Hi Ari.
KV58 is Cortex M7 based – i.e. has Harvard architecture buses:
-CODE bus (optimized for access to instruction - instruction fetch), through which access to the flash (instruction - cache), also to the I-TCM (something like RAM)
- System Bus (optimized for data access - Data Access), through which access to the D0-TCM, D1-TCM, peripherals etc.
Both buses are cached, i.e. both buses have access to data of slower memories (everything except TCM memory) which are cacheable. Data are stored in the cache only in certain circumstances.
Depends on the occurrence, repeatability access to this data, it is possible to locked content on some cache memories, i.e. to-cached specific code/data and the region cache consequently locked.

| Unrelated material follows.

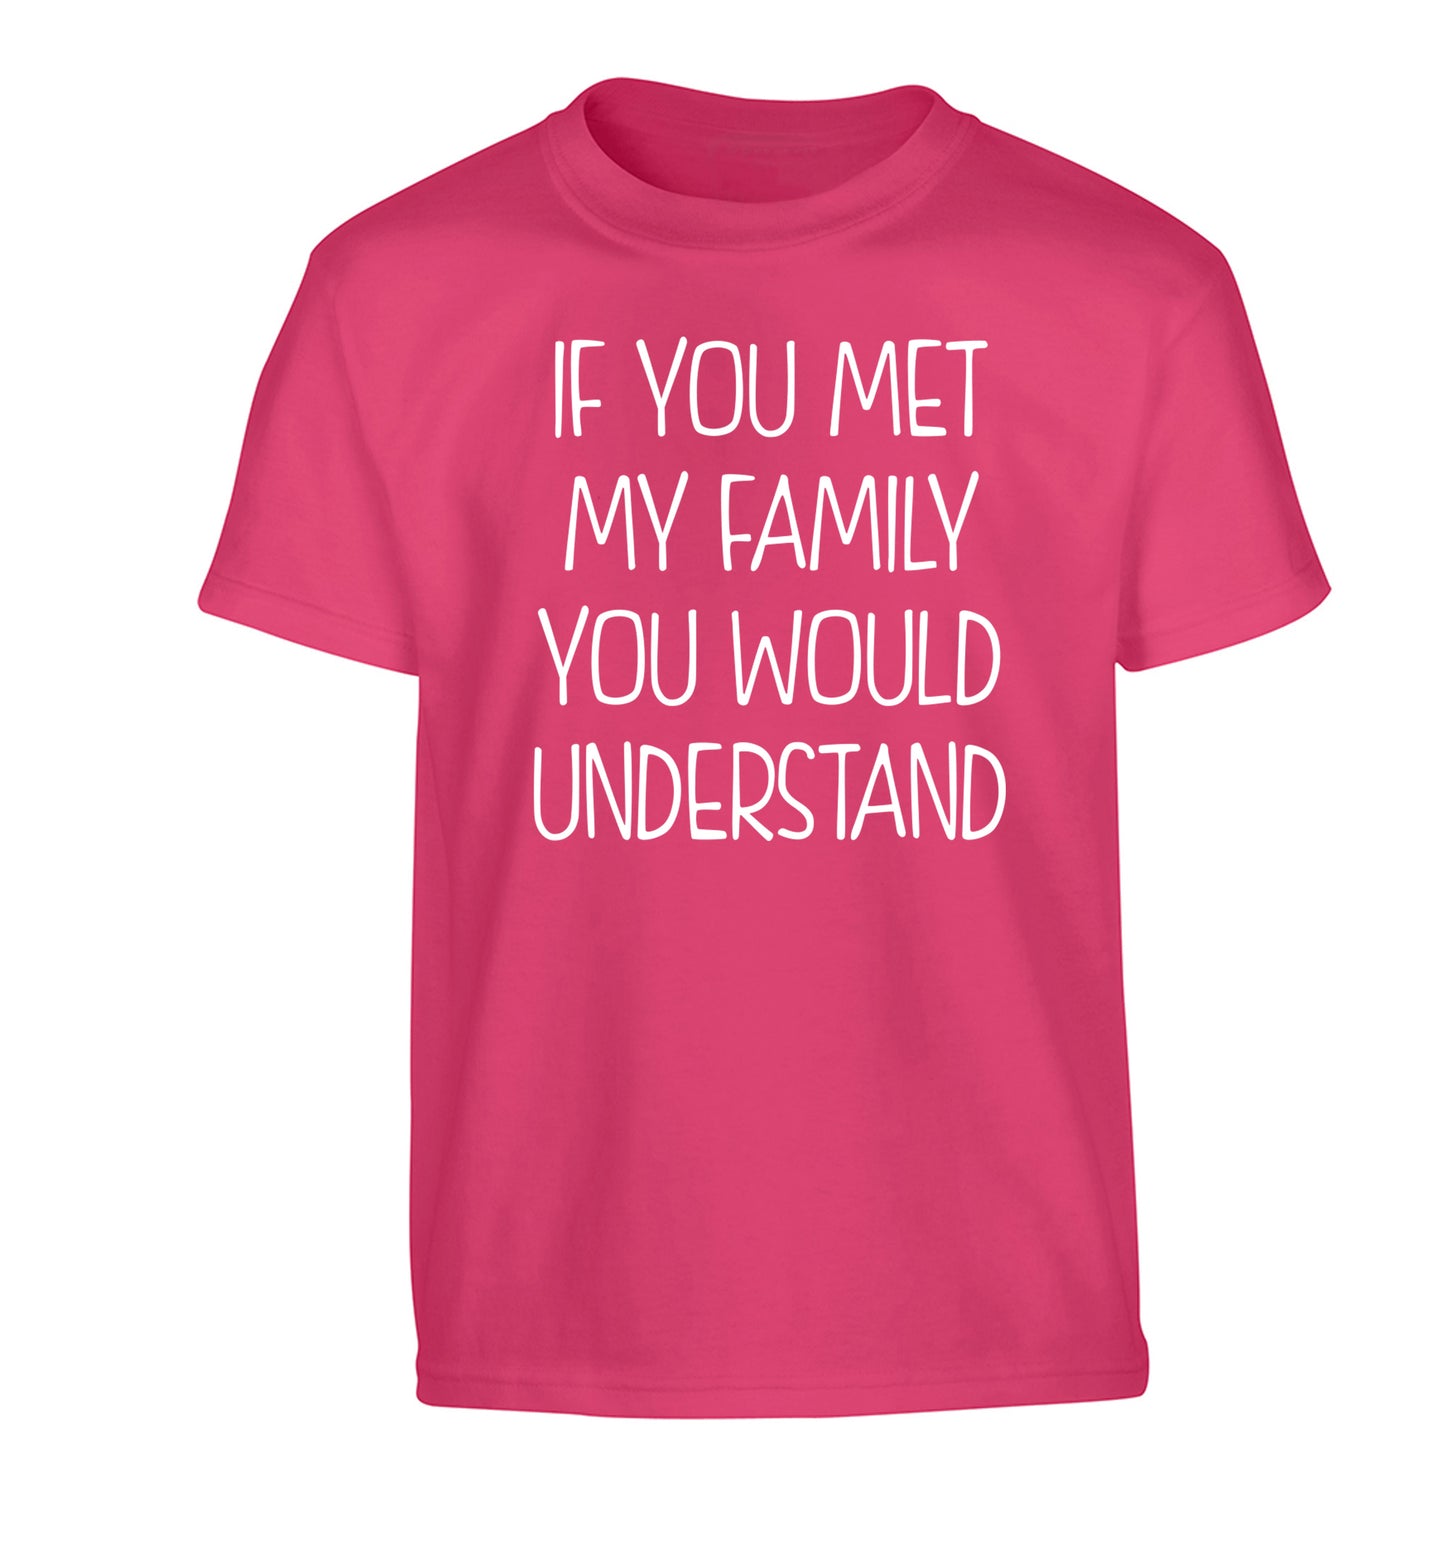 If you met my family you would understand Children's pink Tshirt 12-13 Years

It looks that your code on which monitors the performance does not perform from cache but flash memory (i.e. if there are some branch instructions – wait states)
The code is executed from flash memory because is performed only once (it could be cached during its performing – in fact that it is in cache until it was erased by some other event) but due to to the fact that it was executed only once, it is acted as if it is done only from flash).
I consulted your issue with the Application team and for optimum use of core M7 performance we suggest to you store critical code into the I-TCM memory (this is a quick memory intended exclusively for the code – Instruction Tightly-Coupled-Memory) and static data to the D0-TCM and dynamic (stack) to the D1-TCM. Thus, the maximum power is achieved, i.e. CODE bus accesses (fetch) to instructions which are stored in I-TCM and also SYSTEM bus can access to data which are stored in D0-TCM or D1-TCM.
In case that the code is stored in Flash memory, is needed to enable I-CACHE and consequently is required repeatability of the code, i.e. to perform more then 1 time. It could be also possible by the way that the code is performed by force – i.e. just the code cached) and then the cache is locked and other code performing does not have to access to the flash, but it is performed directly from a cache memory.
Also, it is often used data from peripherals directly in the calculation is needed to enable also D-CACHE (it could be also useless in some cases – for example that data are used from ADC is often necessary anyway update).
In case of any issue, please let me know.
Best regards,
Iva